On April 16, 1209, Pope Innocent III granted his approval to the formula vitae by which Saint Francis of Assisi and his confreres vowed to live in poverty, obedience and chastity, following the doctrine and the example of Jesus Christ. This was the approval of the "Franciscan Rule" which marked the birth of the Order that this year celebrates its eight-hundredth anniversary.
The legend of a Saint
The Manuscript is the most important illuminated codex of the Biblioteca Nazionale Centrale di Roma, and contains one of the oldest and most precious drafts of the Legenda maior sancti Francisci, the official biography of the Saint from Assisi written by Saint Bonaventure of Bagnoregio on commission of the Order of Friars Minor and approved by the General Chapter of Pisa in 1263.
The Vittorio Emanuele 411 Codex was made in the XIV century, about a century after Bonaventure had written the Legenda Maior, and contains the complete text. Larger in size than the other codices of the Legenda, and written in a regular littera textualis, it is richly decorated with an abundance of illuminated initials and seventeen images depicting episodes from the Saint’s life on gold ground, and is indeed a rarity, considering how few illuminated codices of the Legenda come from this period.

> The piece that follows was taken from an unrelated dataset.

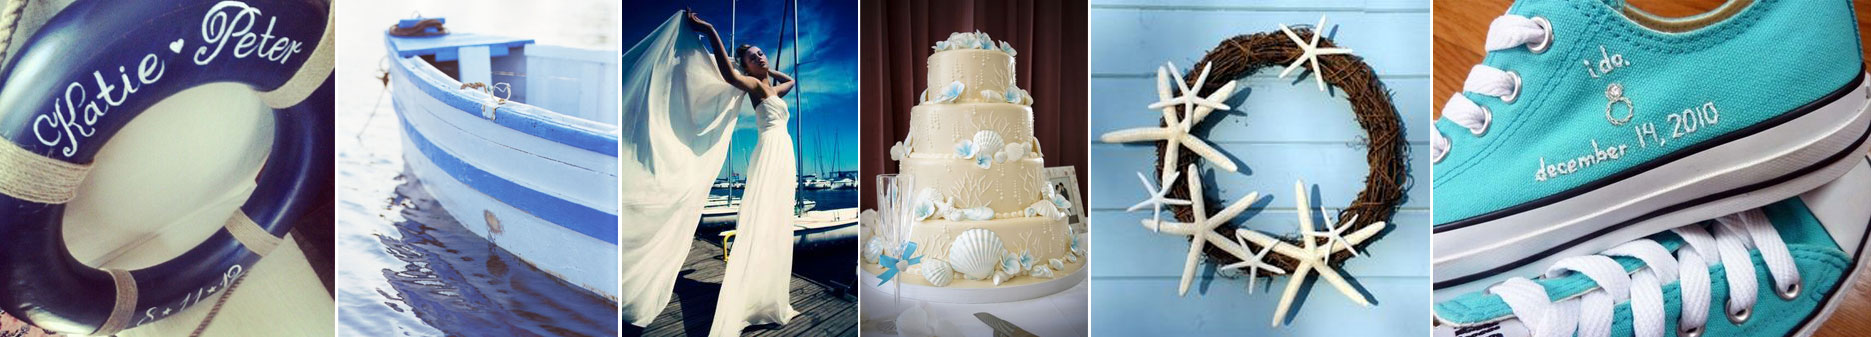 poradnik ślubny wedding planner'ki - kolor morski na ślub inspiracje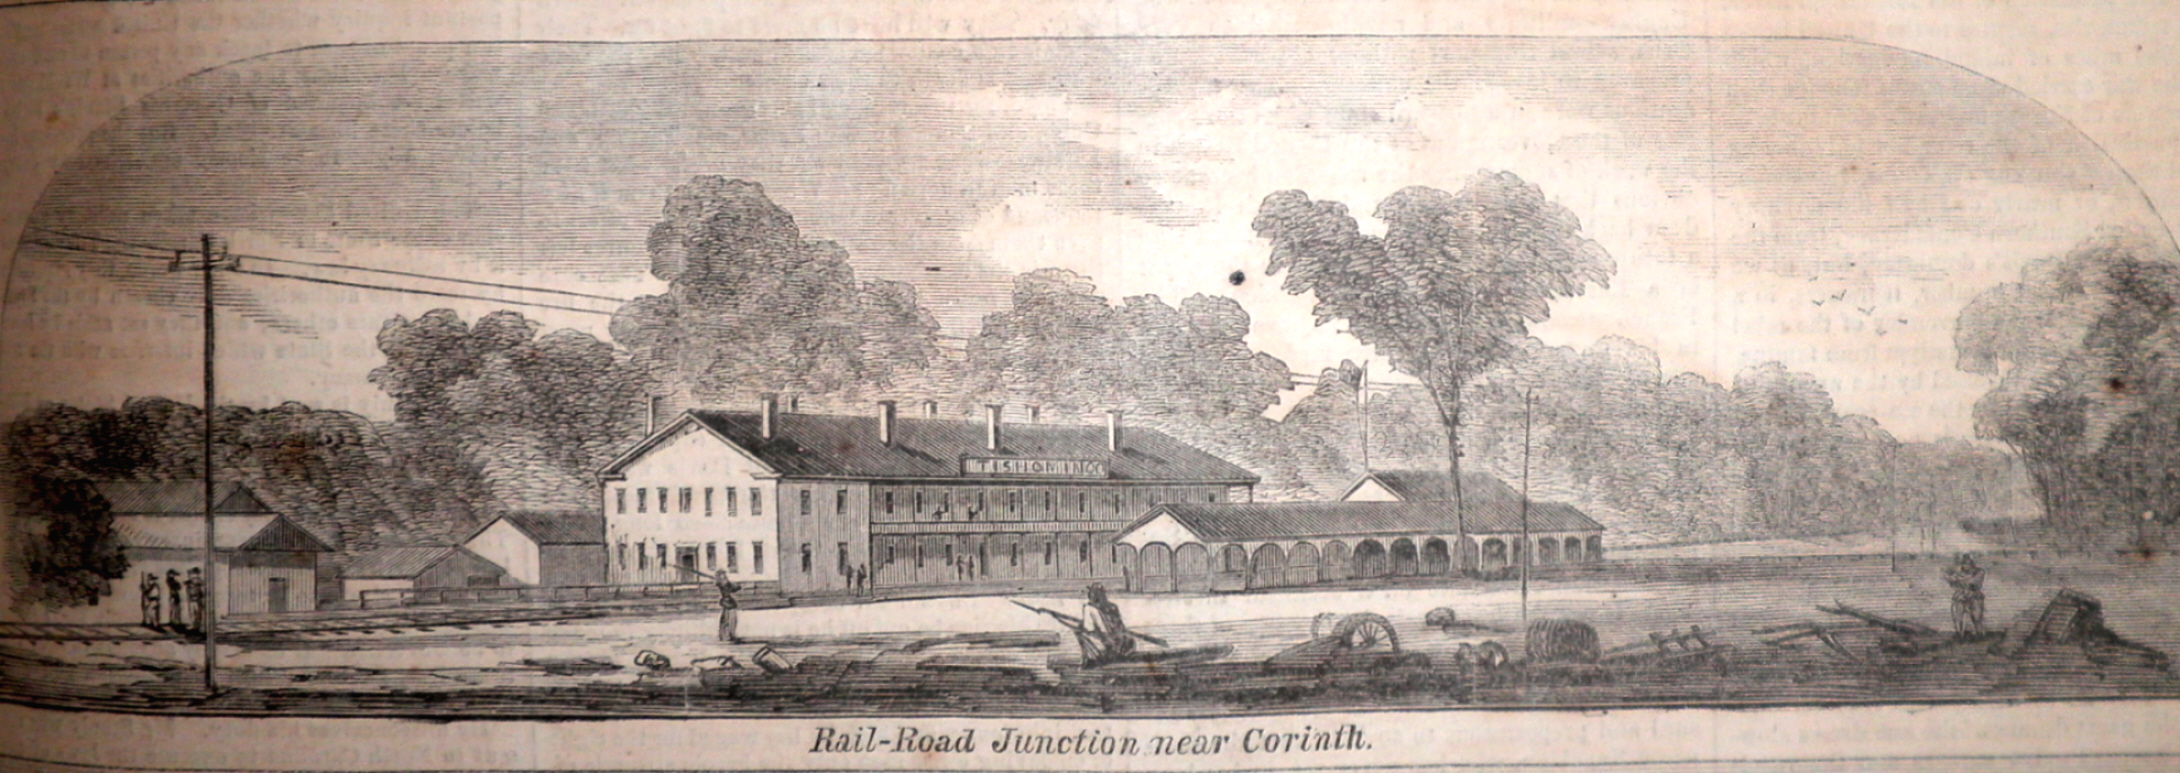 'Railroad Junction near Corinth' Harper's Weekly, June 21,1862

A different format for a unique book
Its different and larger format, compared to the other smaller ones intended as handbooks, would seem to be that of a library codex but, unfortunately, its exact origin is not known. According to scholars, however, it should be attributed to the Emilia-Romagna area and, in all probability, was commissioned by a wealthy patron; a kneeling female figure indeed appears several times in some of the miniatures.
The text begins with the Prologue in which Bonaventure praises Francis’ sanctity and salvific mission, sealed by the stigmata, illustrates the reasons that drove him to write of his life, and explains that he has not organised the tale according to a chronological sequence but instead grouping the episodes belonging to the same theme.
Then follows the Saint’s Life, divided into fifteen chapters, each of which begins with an illuminated vignette illustrating a theme or an episode of the text, as in Saint Bonaventure’s text, with few exceptions following Giotto’s fresco cycle of the Life of Saint Francis in the Upper Basilica of Assisi. The last chapter, entitled In festo translationis beati Francisci, is divided into nine lections to recite on the occasion of the Saint’s feast day.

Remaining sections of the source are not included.